ThermoMelt4PA

Low-temperature laser sintering of fiber-reinforced PA6 with PTFE-MoS2 wear-resistant coatings for transmission components

Generative manufacturing (AM) offers high flexibility for lightweight construction (resource-saving use of materials) due to high freedom in function-centered construction and design and thus an alternative to conventional injection molding/die casting and CNC machining especially for small to medium-sized series - especially also for the replacement of light metal die casting by plastic composites. High cost efficiency is predicted in the future for assemblies by combining AM for small-volume, complex structures with that of conventional production of large-volume components ("hybrid production"). However, low reproducibility, slow processes and large amounts of waste due to powder aging stand in the way of efficient economic and ecological use of e.g. laser sintering processes (SLS) for high-quality, low-cost components in industrial series production.

The aim of "ThermoMelt4PA" is to solve these problems through
(1) Further development of SLS, i.e. by using the patented ThermoMelt® concept for processing polyamide PA 6 and subsequently bio-based PA 6.10 with additional usability of strength-increasing reinforcement (carbon short fibers),
(2) ThermoMelt embedding in hybrid AM production via overdeveloped design guidelines as well as
(3) combination with optimized post-processing for highly functional surfaces (i.e. wear resistance comparable to light metals).

Compared to SLS, ThermoMelt is characterized by higher laser power, but significantly lower build temperature and thus lower thermal damage ("aging") of the polymer powder used, which decisively reduces the necessary powder refreshment and thus material scrap - as recently successfully demonstrated for PEKK (aerospace use from 2020). For PA (and especially PA 6, which is widely used in industry), powder aging in the SLS process is a decisive cost factor due to the need for refreshing and the powder waste produced. In addition, ThermoMelt increases build rates and surface quality (significant smoothing). The complete melting of the powder also enables complete embedding of reinforcing fibers in the matrix. In contrast to the optimal properties in injection molding, the use of carbon fibers for SLS has so far only been described for PA 11/12 with toughness strongly dependent on porosity and thus often low creep strength, but not for PA 6/6.10 with higher sustainability.

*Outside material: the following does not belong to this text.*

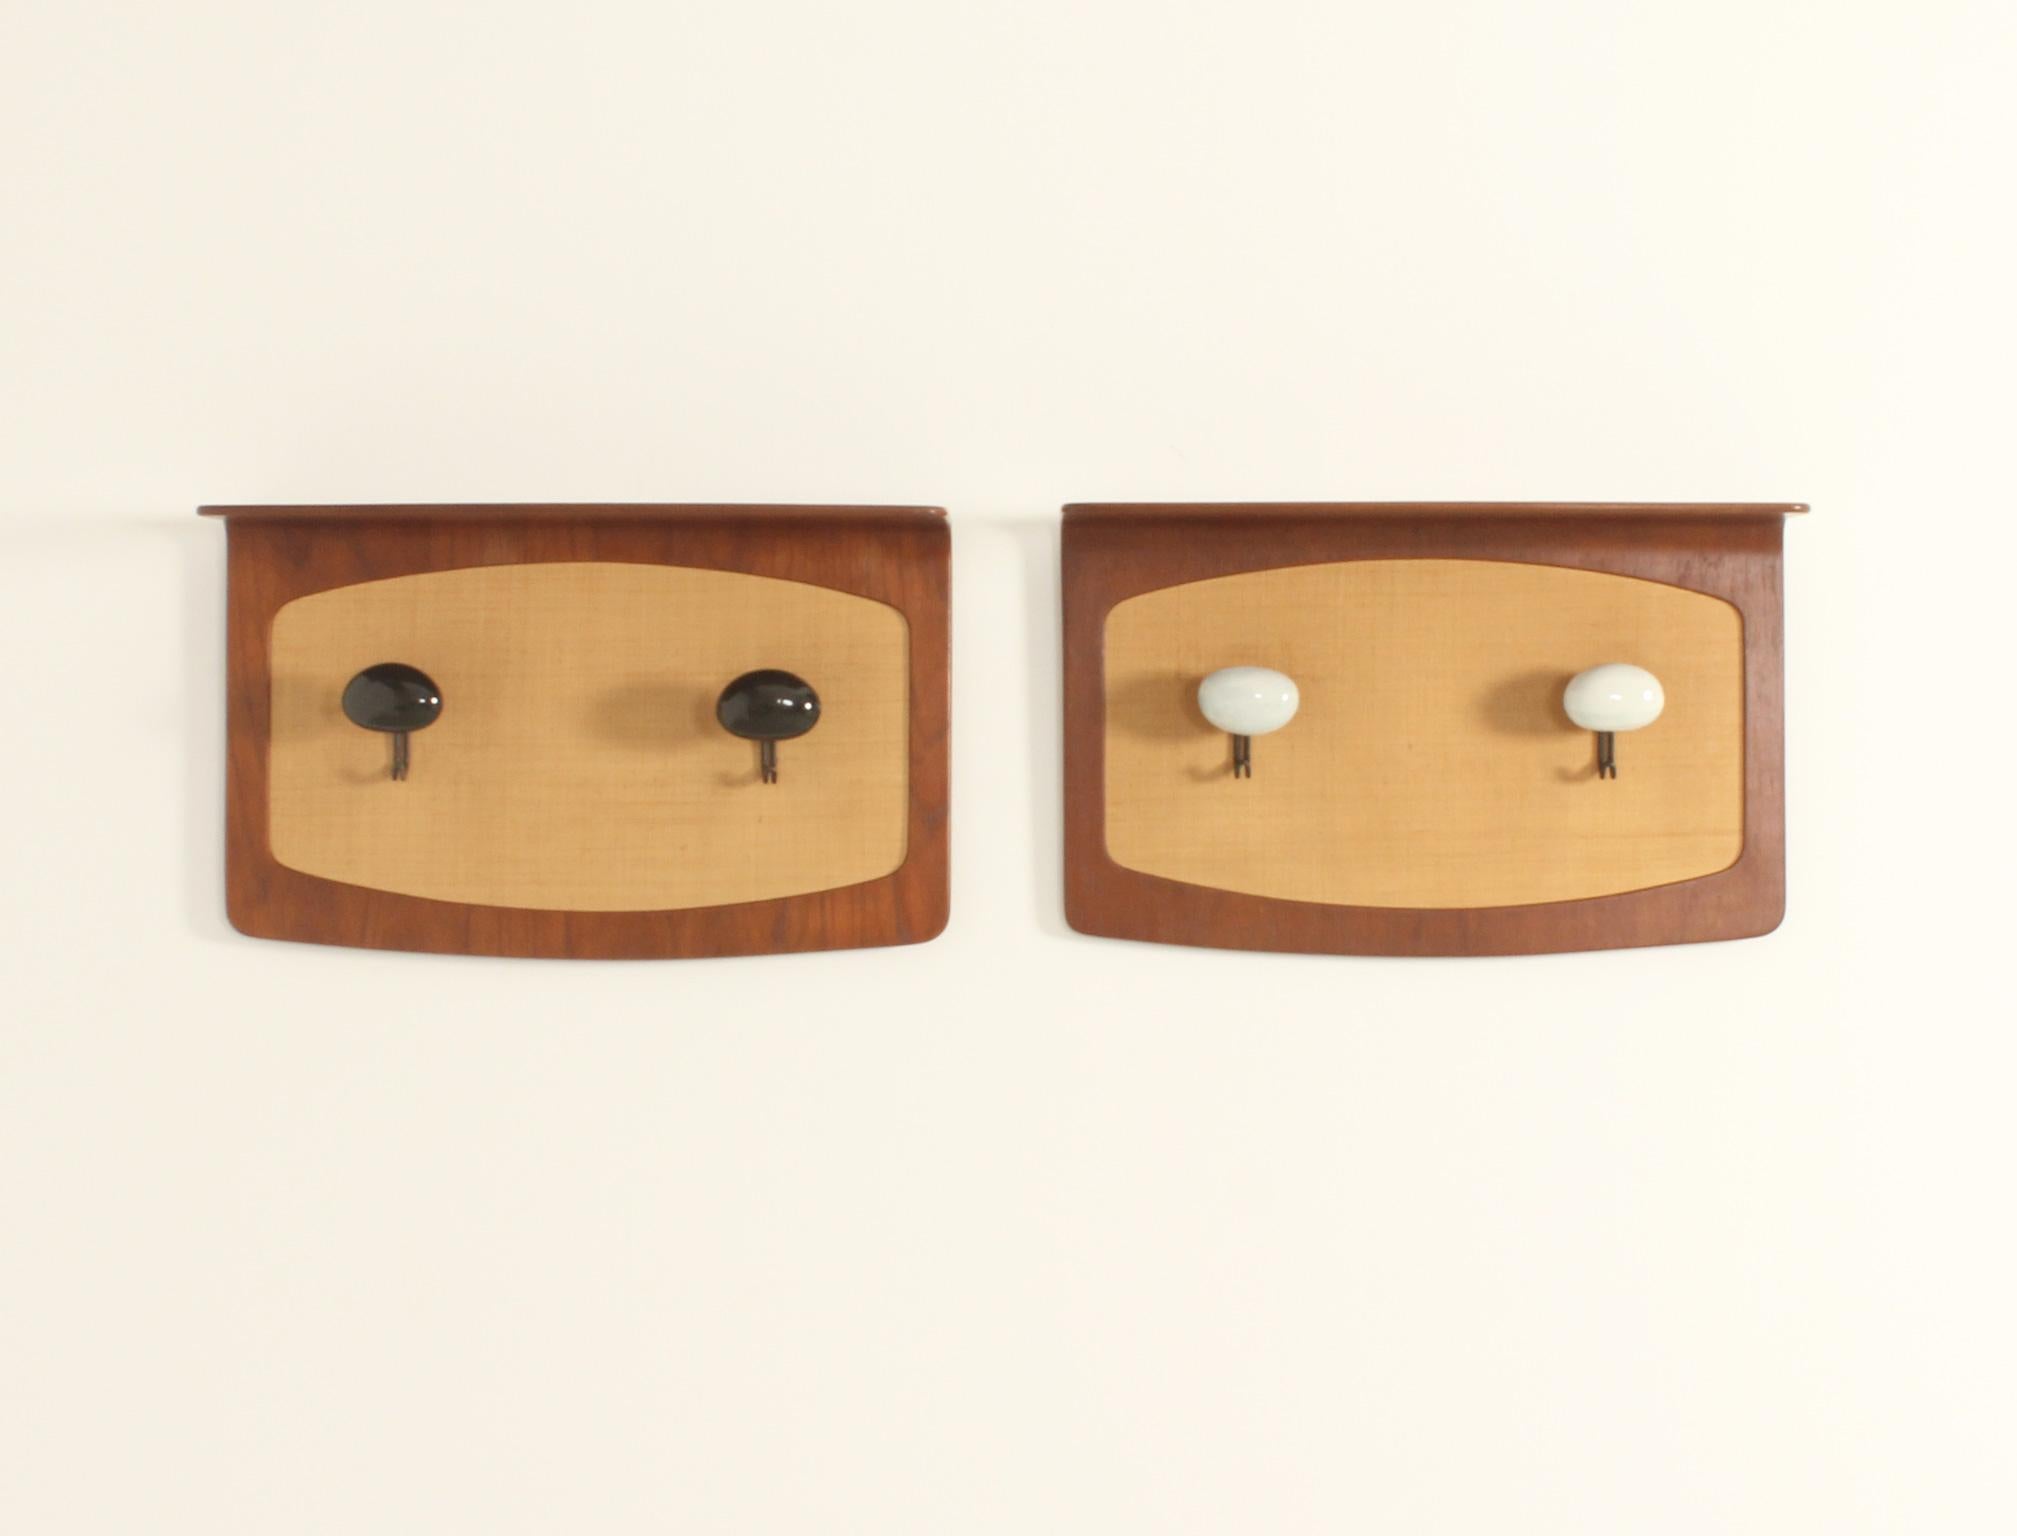 Pair of wall-mounted coat racks designed in 1950's by Franco Campo and Carlo Graffi for Home, Italy. Curved teak wood with seagrass front panels and two metal and ceramic coat hooks by the Italian ceramist Victor Cerrato.

Based on the experience gained with PEKK, the embedding of high-speed ThermoMelt technology in the hybrid AM production of PA-based components requires consideration of the entire process chain in order to meet the requirements of future customers, some of whom are associated partners from the automotive segment (i.e. manufacturers of medium-sized series for drives/components in special vehicles, emergency vehicles and vehicles for the disabled):
(1) Development of specially tailored and cost-effective powders starting from pre-compounded homogeneous composites and cryogenic mills.
(2) Process simulation for the estimation of occurring temperature (gradient) as a basis for function-centered design and processing with low residual stresses and distortion, especially for bionic topology-optimized lightweight structures, and
(3) Post-processing of fiber-filled ThermoMelt composites with wear protection coatings of lowest friction, i.e. especially thick films from low-cost large-area processes (atmospheric pressure plasma coating with the patented Inocon plasma jet) with integration of solid lubricants (PTFE, MoS2) in compounds with PA 6 with self-adaptation in the run-in, high emergency running properties without lubrication and self-healing after overload.

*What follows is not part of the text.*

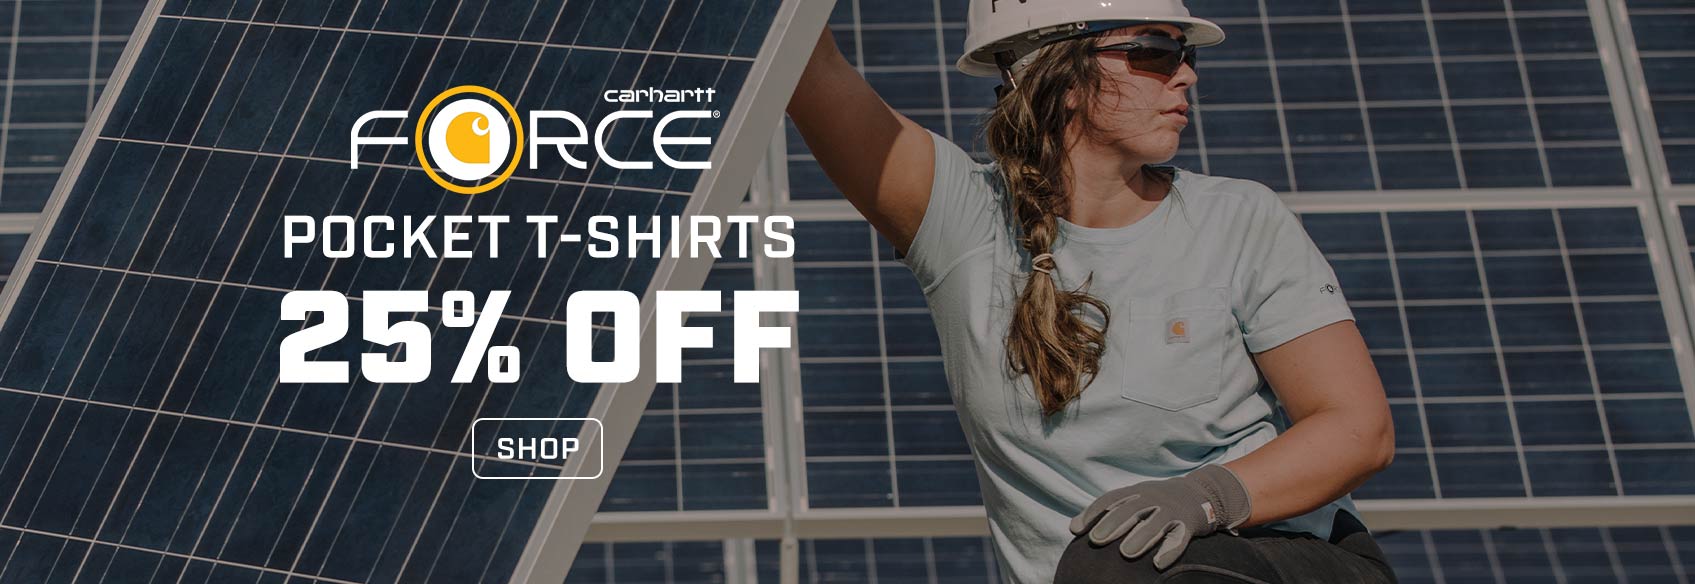 A woman working outside in a solar panel field weiring a hard hat and Carhartt t-shirt

Final goals of the project consortium consisting of ThermoMelt equipment manufacturer and patent owner LSS, process developer and user RPD, and key competence partners in the field of 3D printing simulation (SinusPro), powder production (TCKT) and plasma jet development (Inocon Technologie GmbH) are, together with PCCL and JR as a material testing, injection molding and coating development, in addition to building up crucial equipment and process know-how for ThermoMelt, also its cost-efficient integration into future hybrid AM manufacturing chains on the basis of highly functional demonstrator components and developed design guidelines (TRL 4).